**What is required:**
From the line that contains "Bully Wiz Presents" to the last line of the data below, transcribe every line exactly. Do not include the pictures.

**Available data:**
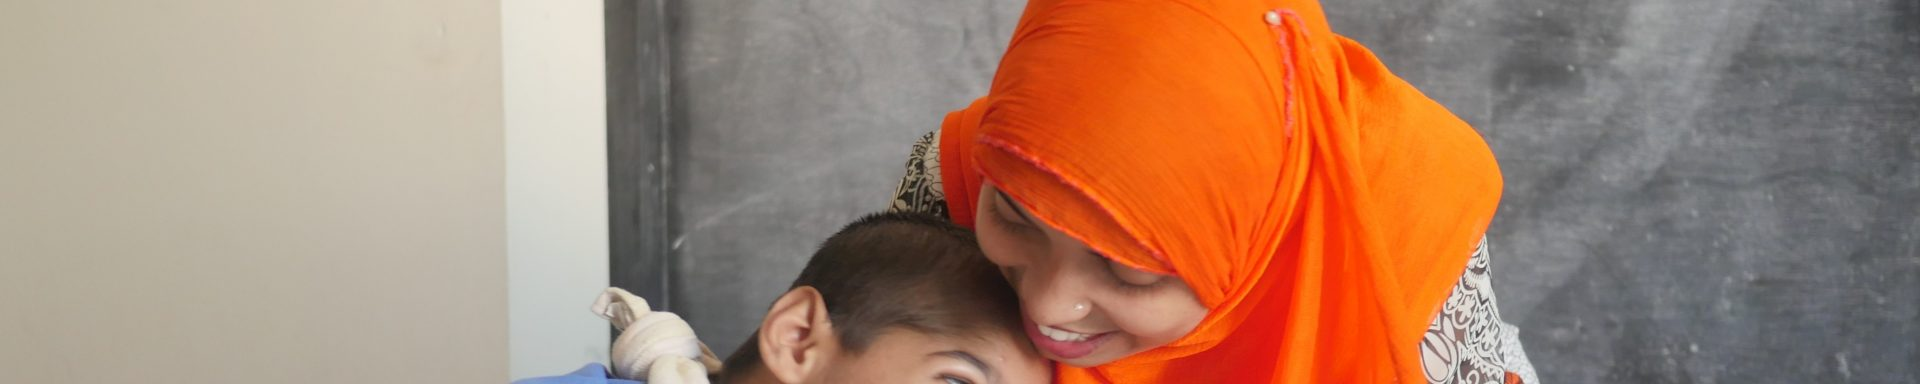 Vrouwen en kind uit Bangladesh lachen samen.
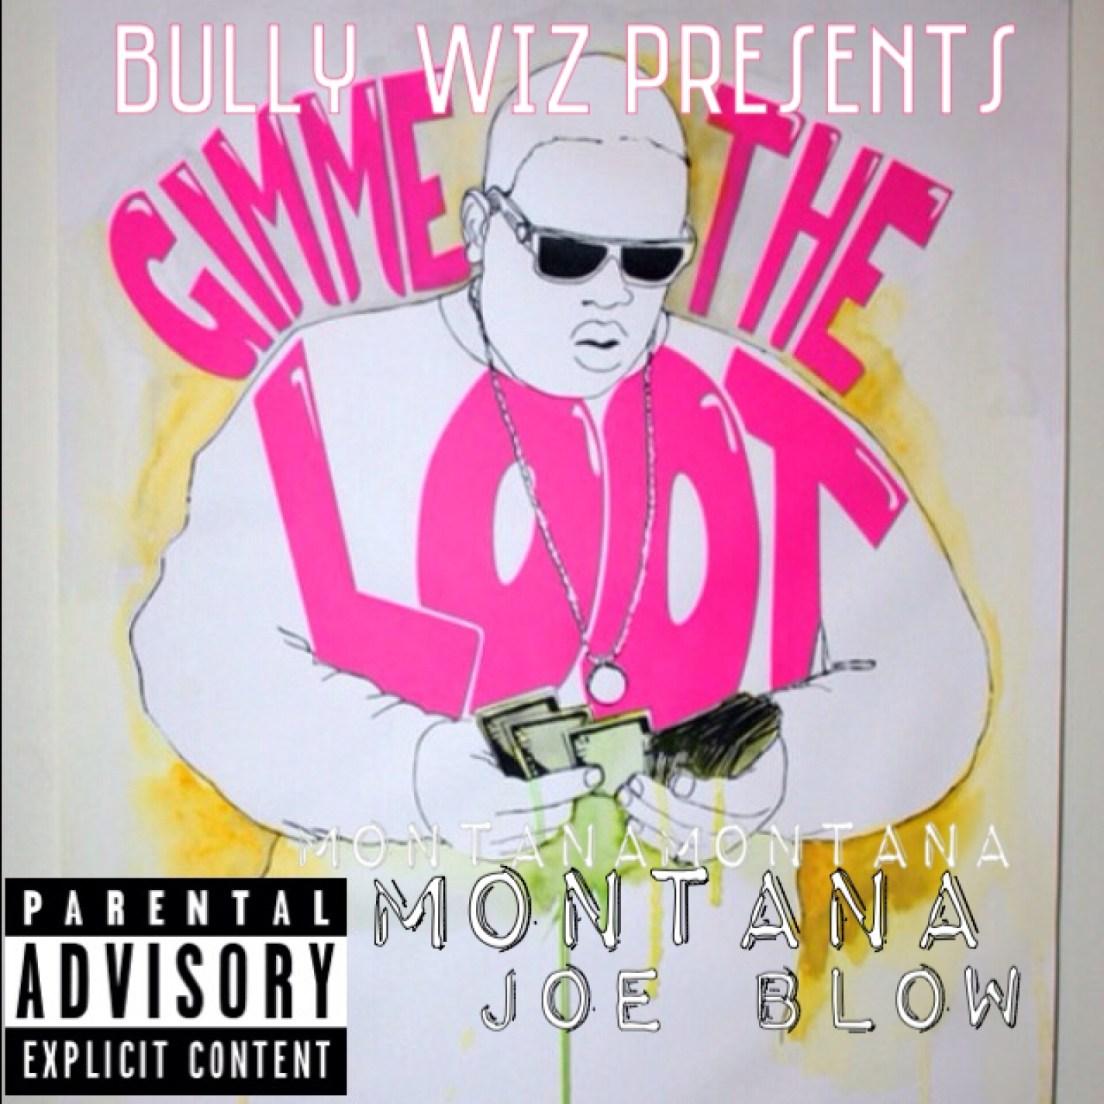 Bully Wiz Presents Montana Montana Montana x Joe Blow - Gimme The Loot [Thizzler.com Exclusive]
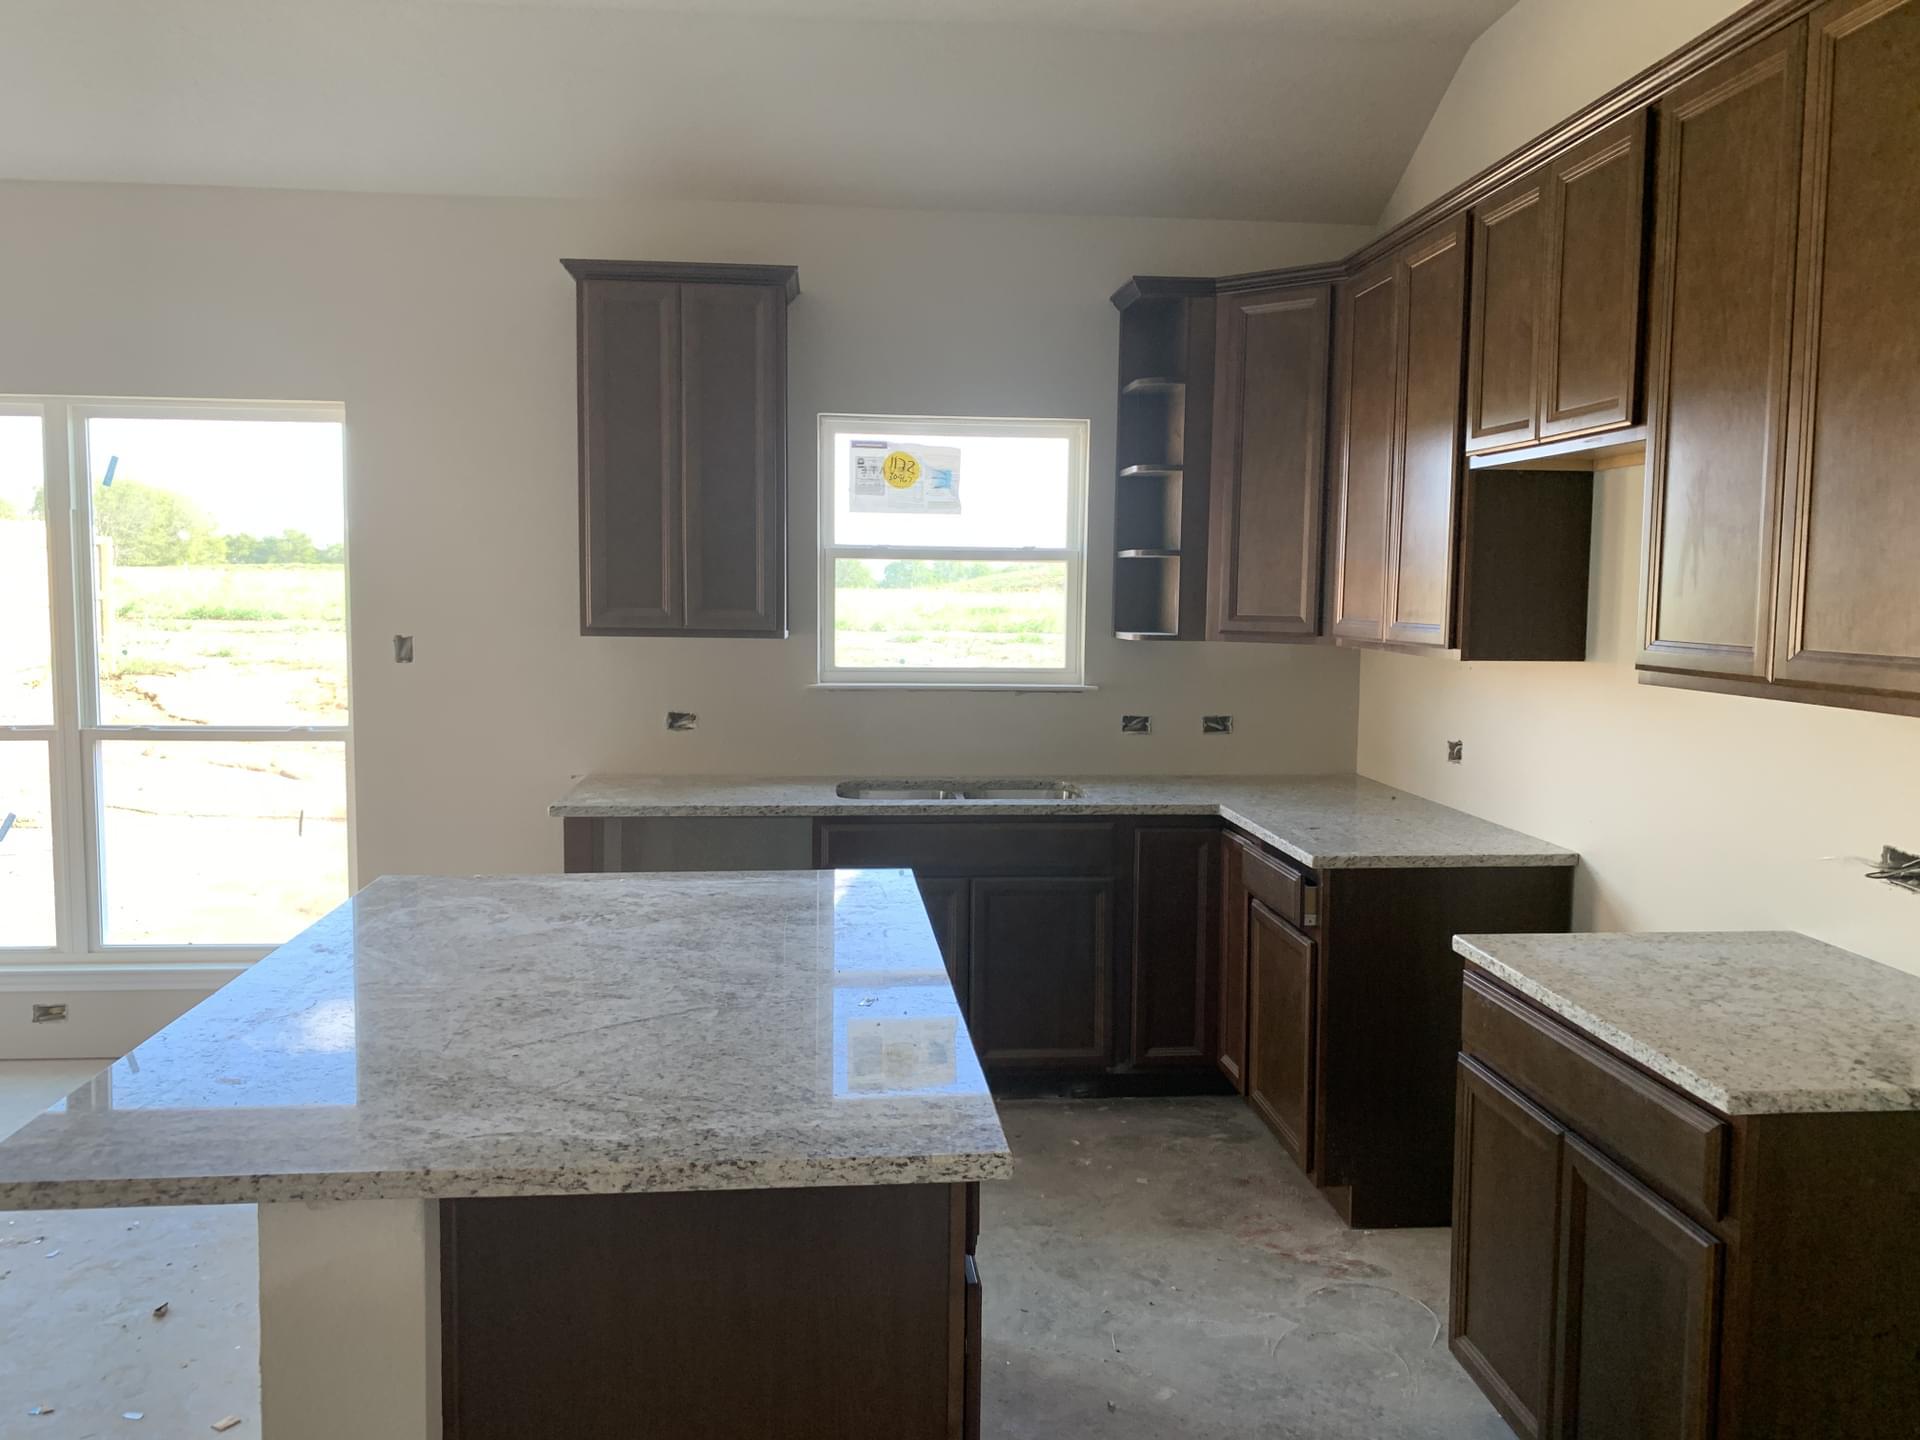 1,517sf New Home in Caldwell, TX
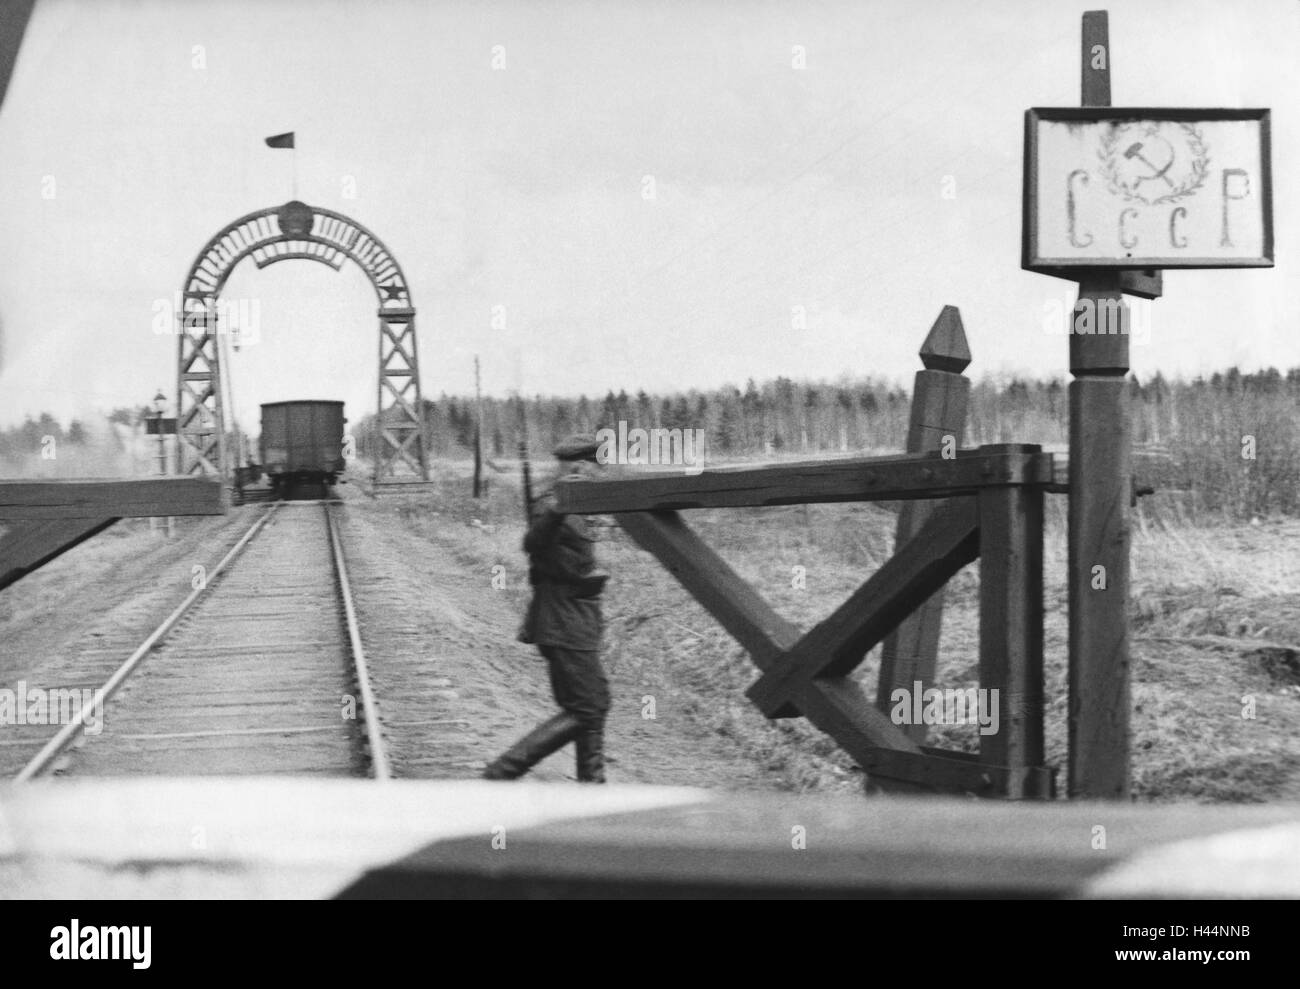 Train, wagon, view tracks, border, Soviet Union, border guard, Eastern Europe, the Soviet Union, SSSR, CCCP, trackage, - Stock Image

**Answer below:**
 Bully Wiz Presents Montana Montana Montana x Joe Blow - Gimme The Loot [Thizzler.com Exclusive]
 1,517sf New Home in Caldwell, TX
 Train, wagon, view tracks, border, Soviet Union, border guard, Eastern Europe, the Soviet Union, SSSR, CCCP, trackage, - Stock Image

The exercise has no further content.